In your copy, leave out the pictures; write out all the data exactly.

-- Data supplied --

--------

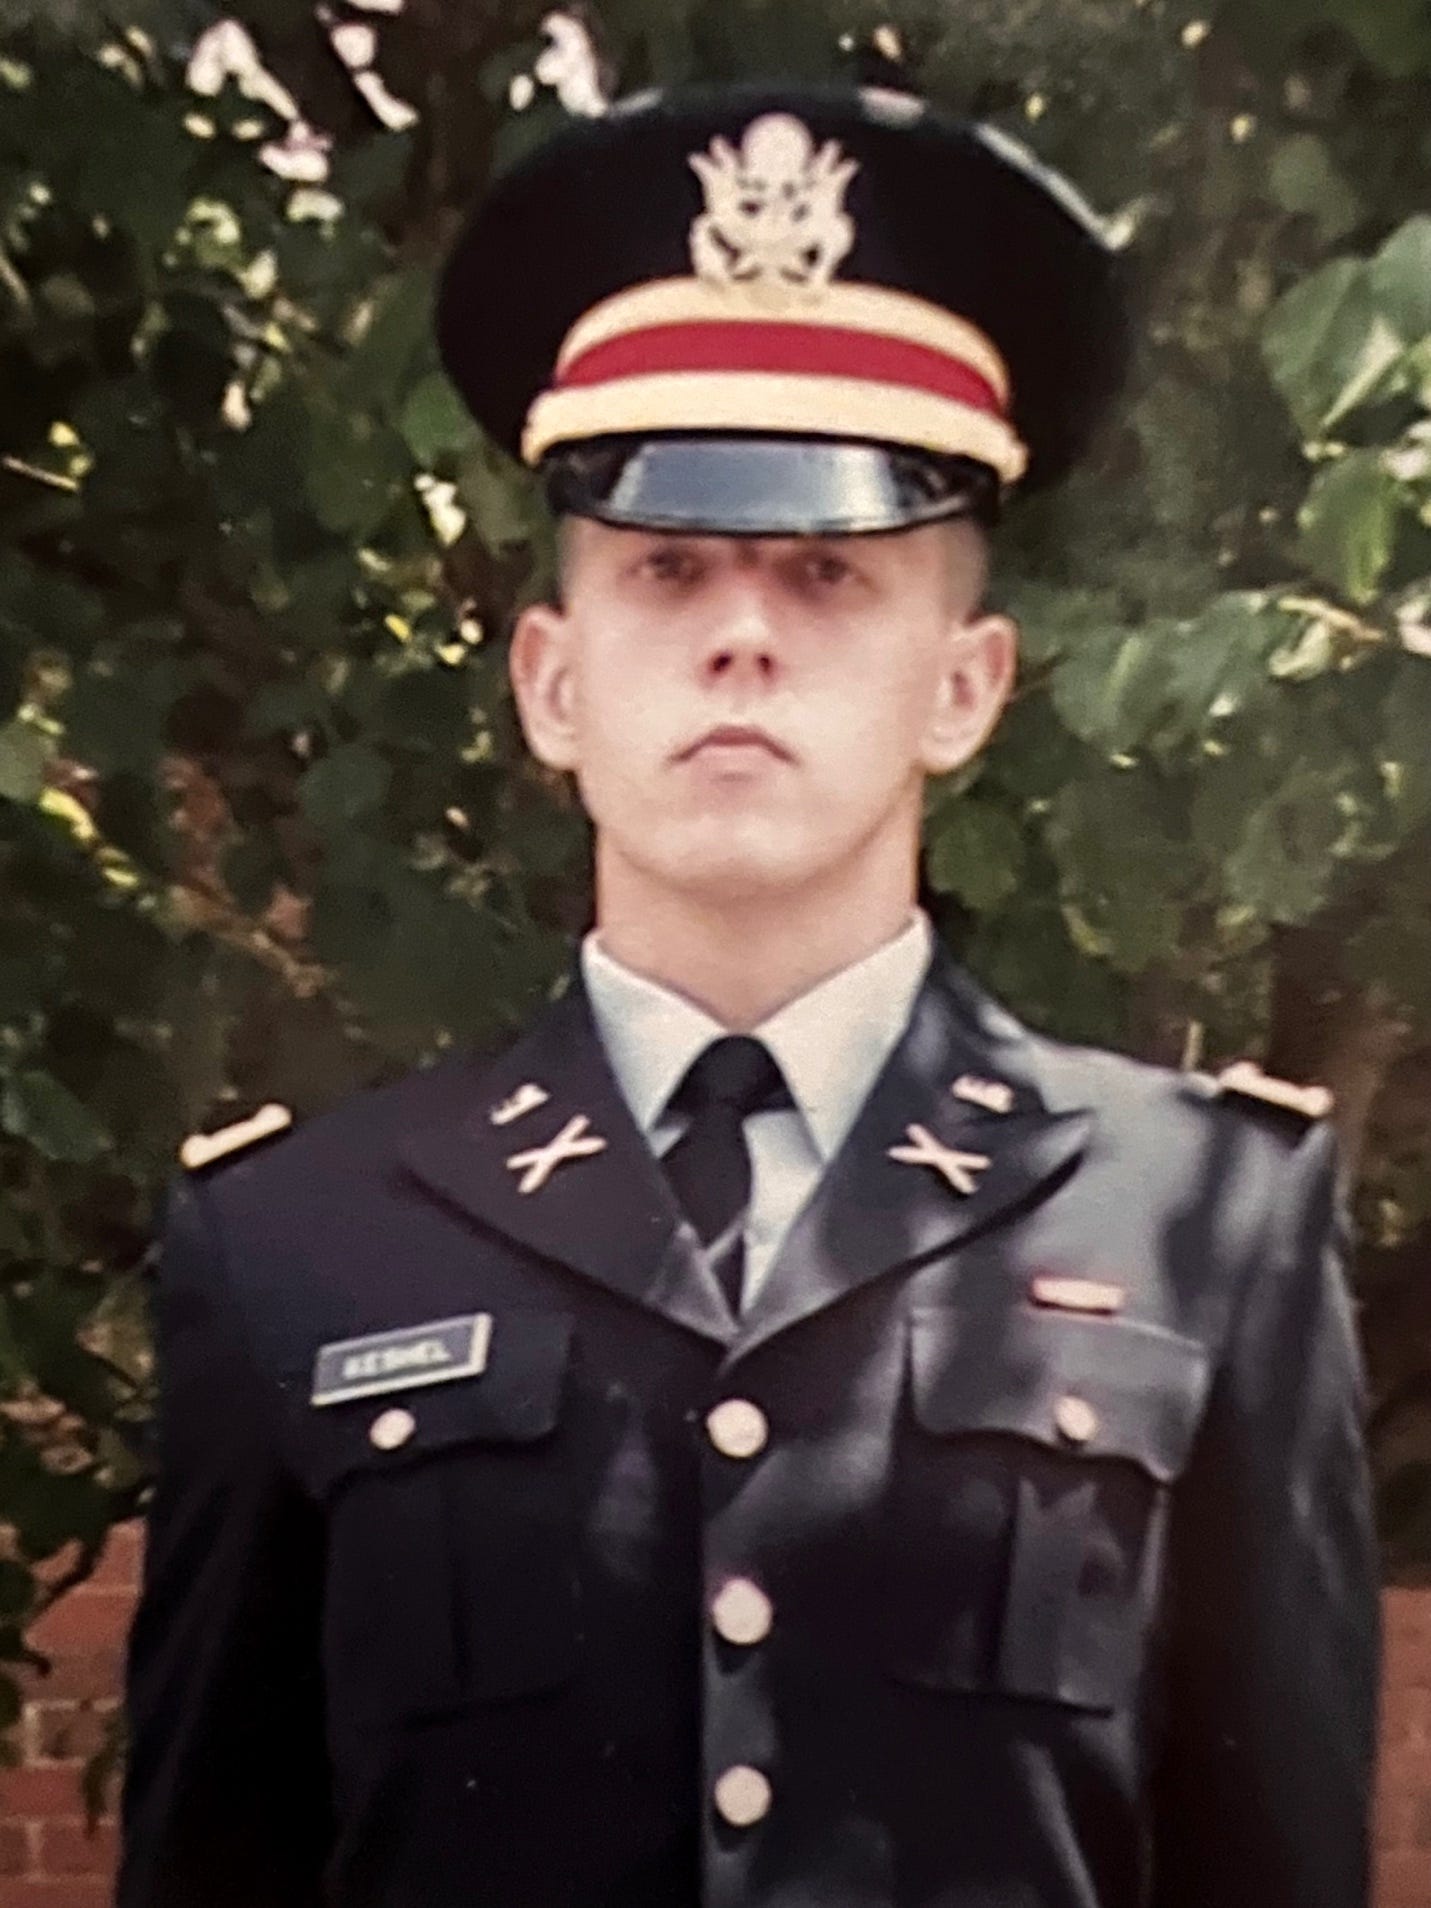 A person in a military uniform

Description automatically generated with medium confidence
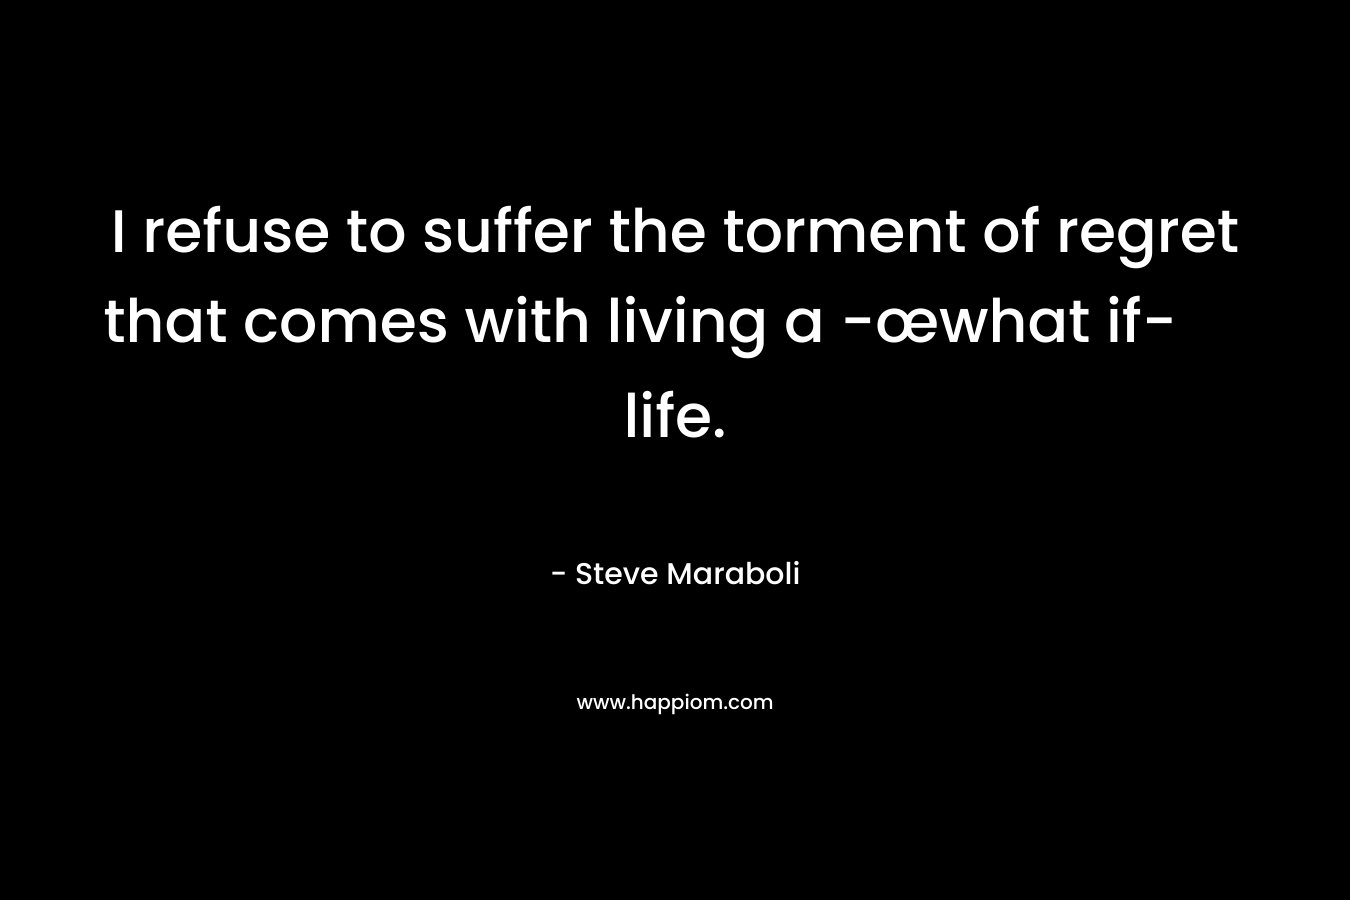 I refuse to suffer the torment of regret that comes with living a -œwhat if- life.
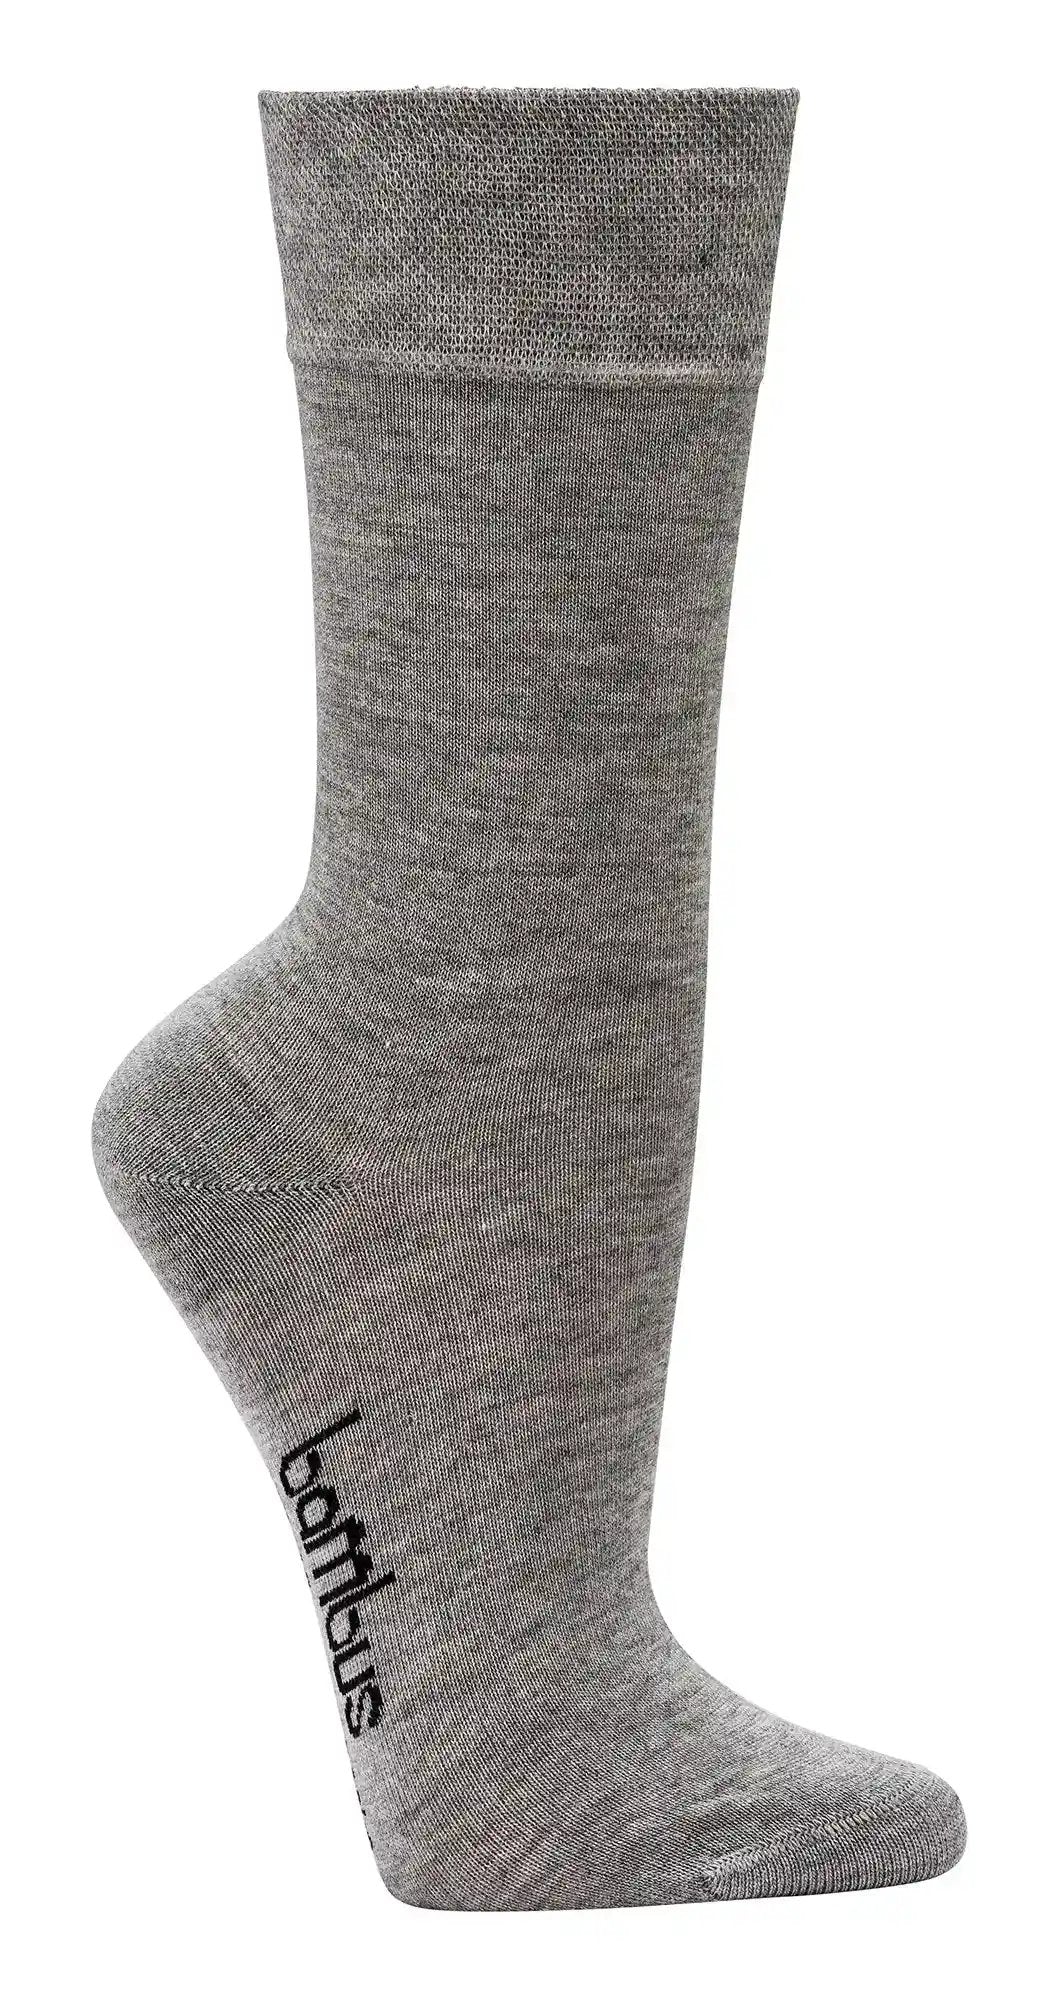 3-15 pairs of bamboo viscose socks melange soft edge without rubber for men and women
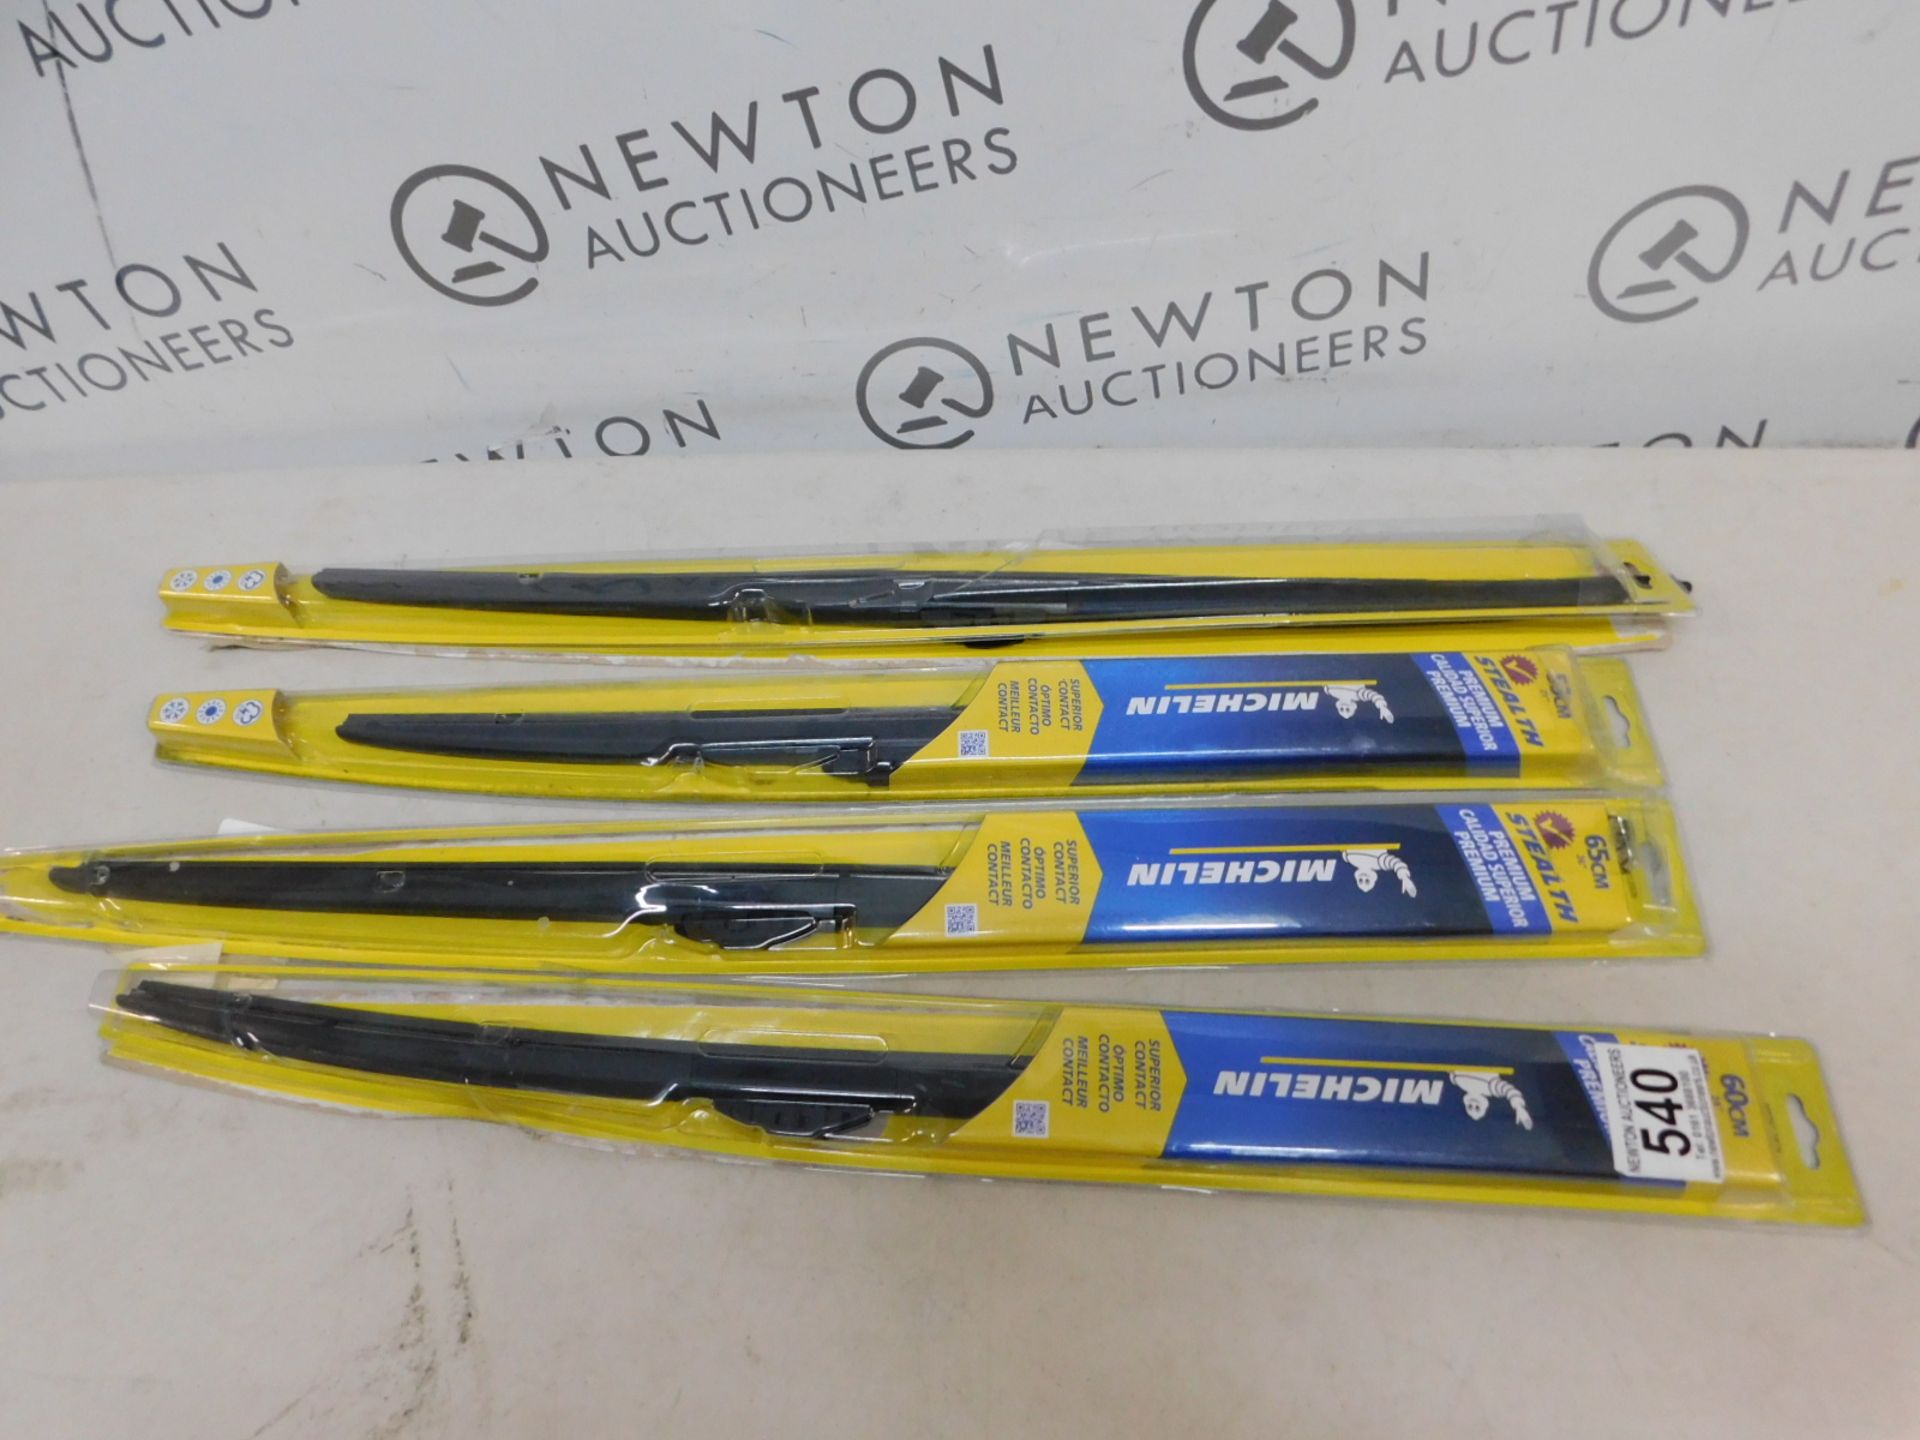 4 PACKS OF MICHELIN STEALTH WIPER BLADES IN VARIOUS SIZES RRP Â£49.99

--------

-- Task answer --
 A person in a military uniform

Description automatically generated with medium confidence
 I refuse to suffer the torment of regret that comes with living a -œwhat if- life.
 3-15 pairs of bamboo viscose socks melange soft edge without rubber for men and women
 4 PACKS OF MICHELIN STEALTH WIPER BLADES IN VARIOUS SIZES RRP Â£49.99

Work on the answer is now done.